I’m a pretty simple person from a pretty simple background but over the years of being a chef and owning restaurants I’ve had the opportunity to taste some amazing wines and champagnes as well as being charged with pairing them with dishes that will compliment.
However, as a chef, I work the opposite way around to a sommelier. I am often given the champagne/wine to taste and then I enter into my repertoire of recipe and flavor combinations to find the perfect match. Champagne and oysters seem to be the automatic pairing but it is important to consider the balance between food and drink. It can be achieved so that the wine adds something that perhaps the food lacks, or by choosing a wine with similar flavors that are already found in the food. A wild game dish, for example, can be complemented by champagne’s animal tones, or a nutty caviar dish with an equally nutty champagne.
We don’t often think of drinking champagne throughout a whole meal but when it comes from a quality producer, champagne is actually the wine that is easiest to pair with food - the range of matches is very wide. The most obvious marriages are those with fish, shellfish, poultry, white meats and cheeses.
Matching them with red meat can be trickier, but pink champagnes when vinous can make some very fine marriages. When thinking of a wine to go with notoriously tricky ingredients, such as truffles, asparagus and eggs, I will invariable revert to champagne.
Eggs are interesting because they are not only rich in umami and sulfur, but also have such a fatty texture that the taste buds get covered and prevent you from tasting the wine. The fun part is that the high acidity in champagne neutralizes the sulfur, and the bubbles cleanse the tongue.
Truffles taste wonderful when paired with a pinot-based champagne characterized by gentle animal and vegetal notes.
Asparagus is generally considered challenging to bring together with wine because it contains sulfur compounds, which attribute metallic characteristics, which, in turn, accentuate these flavors when paired with the wrong wines. But champagne is a great exception.
Some of the rules that I adhere to are that ‘one must respect the contribution both the food and the wine makes to a meal’ and as like any flavor combination there are some that are meant to be and others that are not. I am a stickler for classical marriages when it comes to creating dishes for the menu and I tend to take this view when matching food and wines.

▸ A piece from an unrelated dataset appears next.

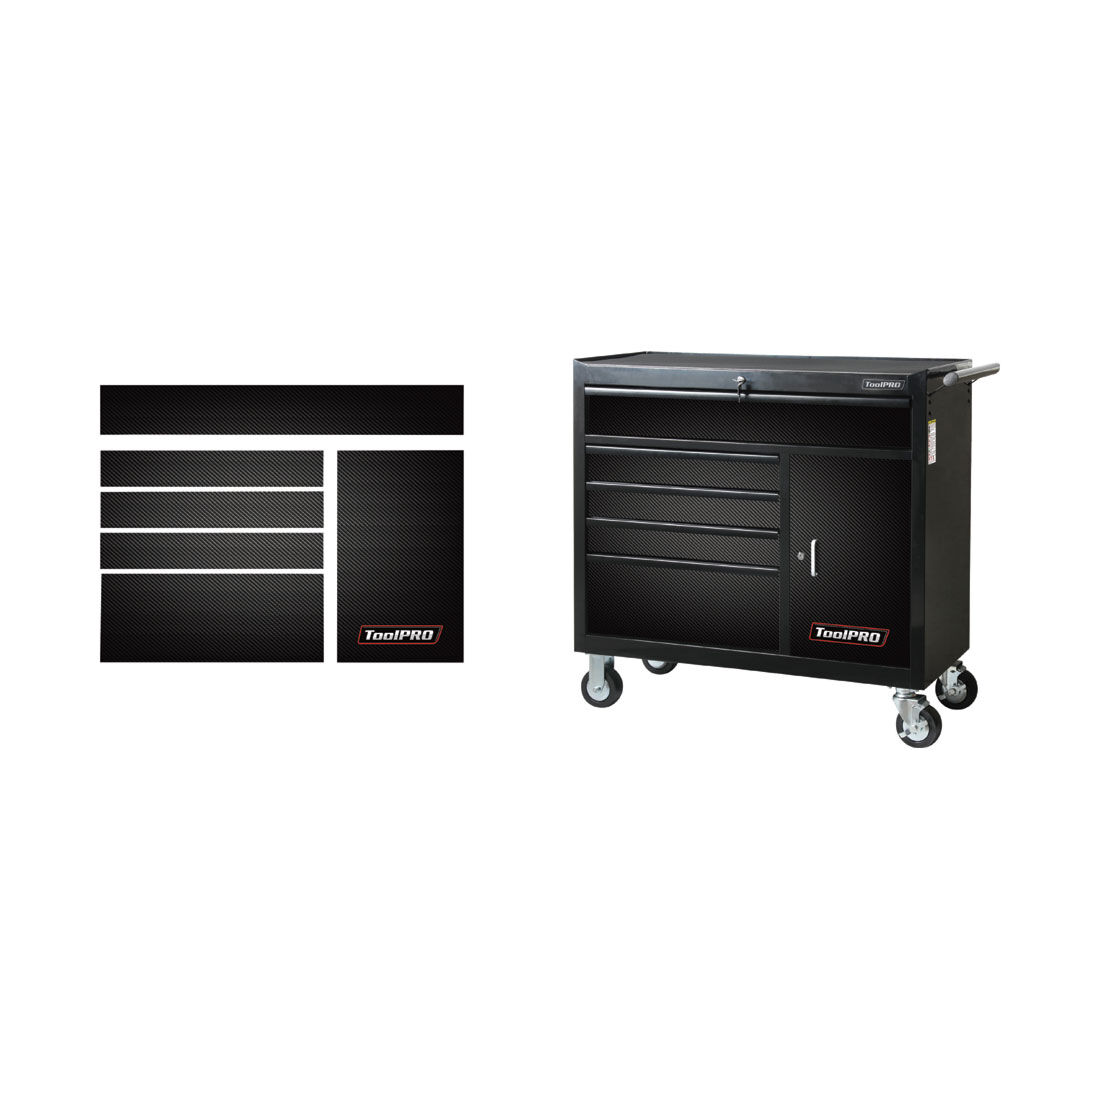 ToolPRO Tool Cabinet Magnet Fascia Set - Black Carbon Fibre, Suits 41" Cabinet, , scaau_hi-res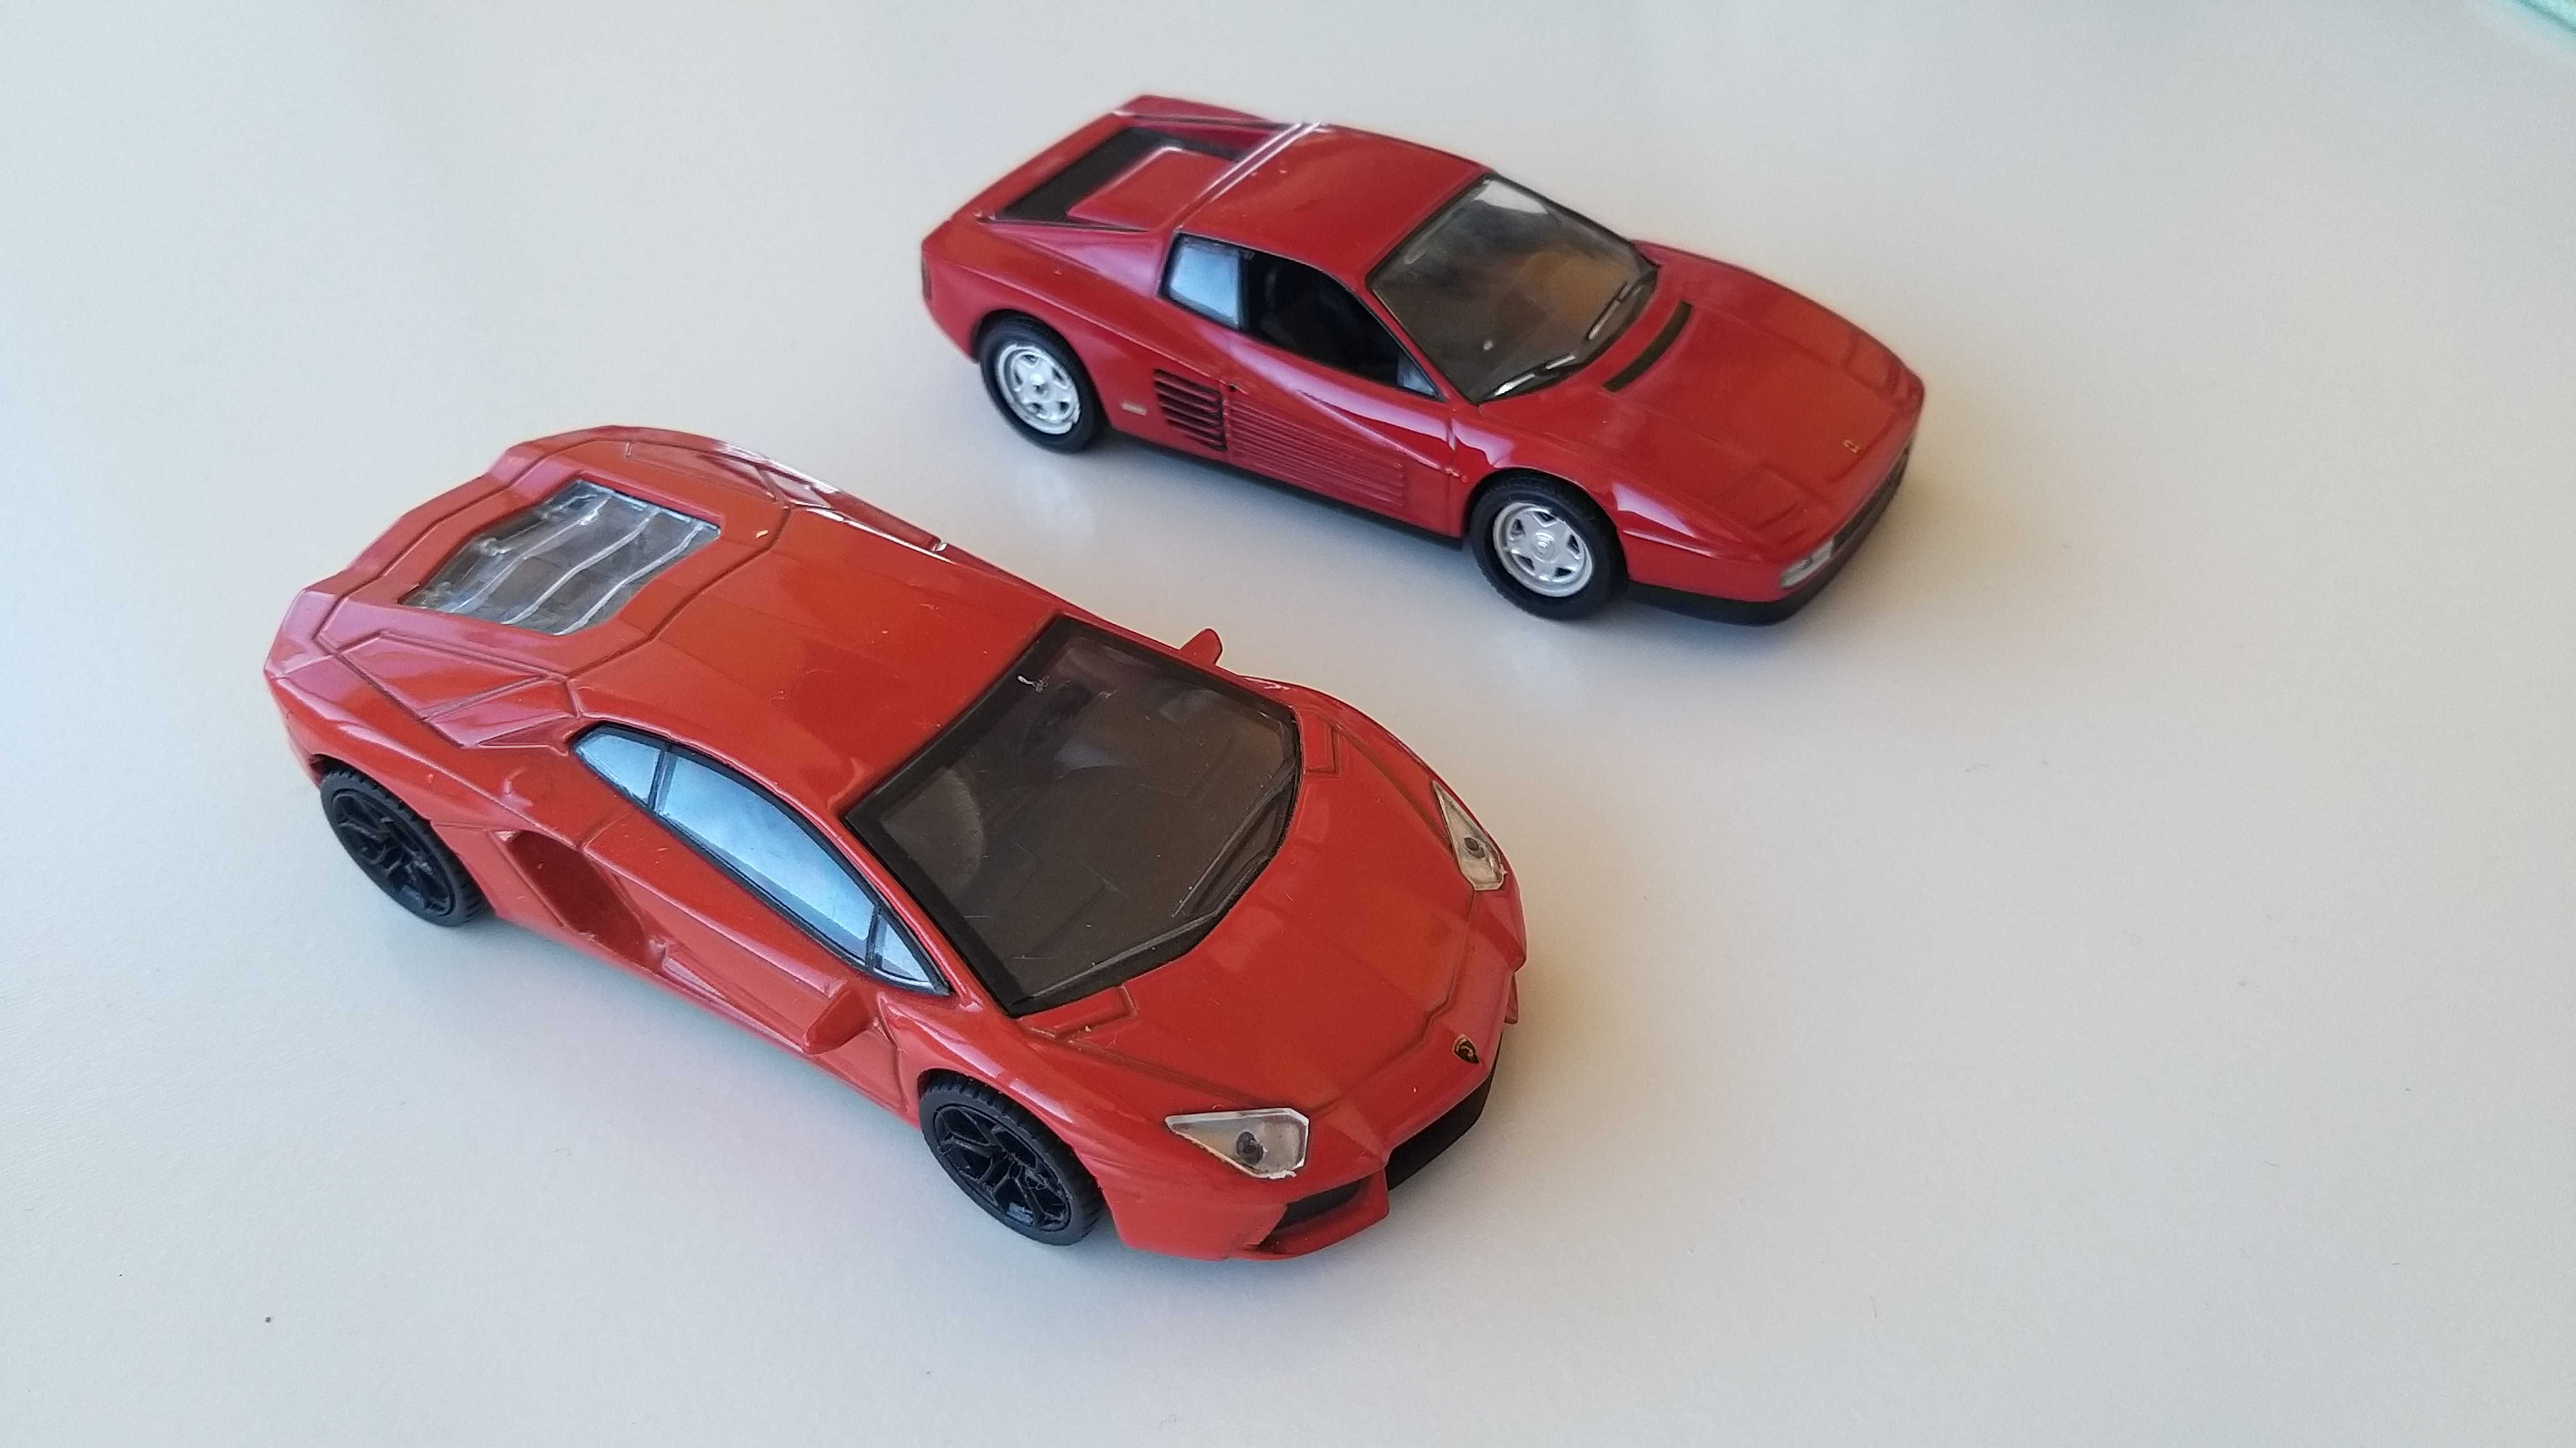 Miniaturas 1/43 Ferrari e lamborghini

Billecart Salmon, Lallier and Gardet are some of the champagnes we serve at both Manchester House and The Church Green as these are the ones we think go great with food.
At Manchester House we will soon be holding an event with Billecart-Salmon to showcase the superb matching of fine food and champagne. Please get in touch for further information. @MCRHouse
Champagne is the most northerly wine region in France, and if you manage to track down one of the few still wines in the region (labelled Coteaux Champenois), you’ll realize what an inspired idea it was to introduce bubbles into these thin, tart, mean wines by allowing a secondary fermentation to occur in the bottle. Champagne is usually made from a blend of grapes sourced from different vineyards across this large region, and the varieties used are predominantly Chardonnay, Pinot Noir and Pinot Meunier.
Although you’d be forgiven for thinking that Champagne is all about image, once you get away from the often-unimpressive inexpensive Champagnes and sample the vintage-dated examples from quality-minded producers, you’ll see what all the fuss is about. Three quarters of all Champagne sold is designated as ‘non-vintage’: this is a blend vintage and can vary widely in quality depending on the producer.
Champagne from a single vintage is designated ‘vintage’, and is produced in lower quantities and only in the better years, so it is usually much higher quality.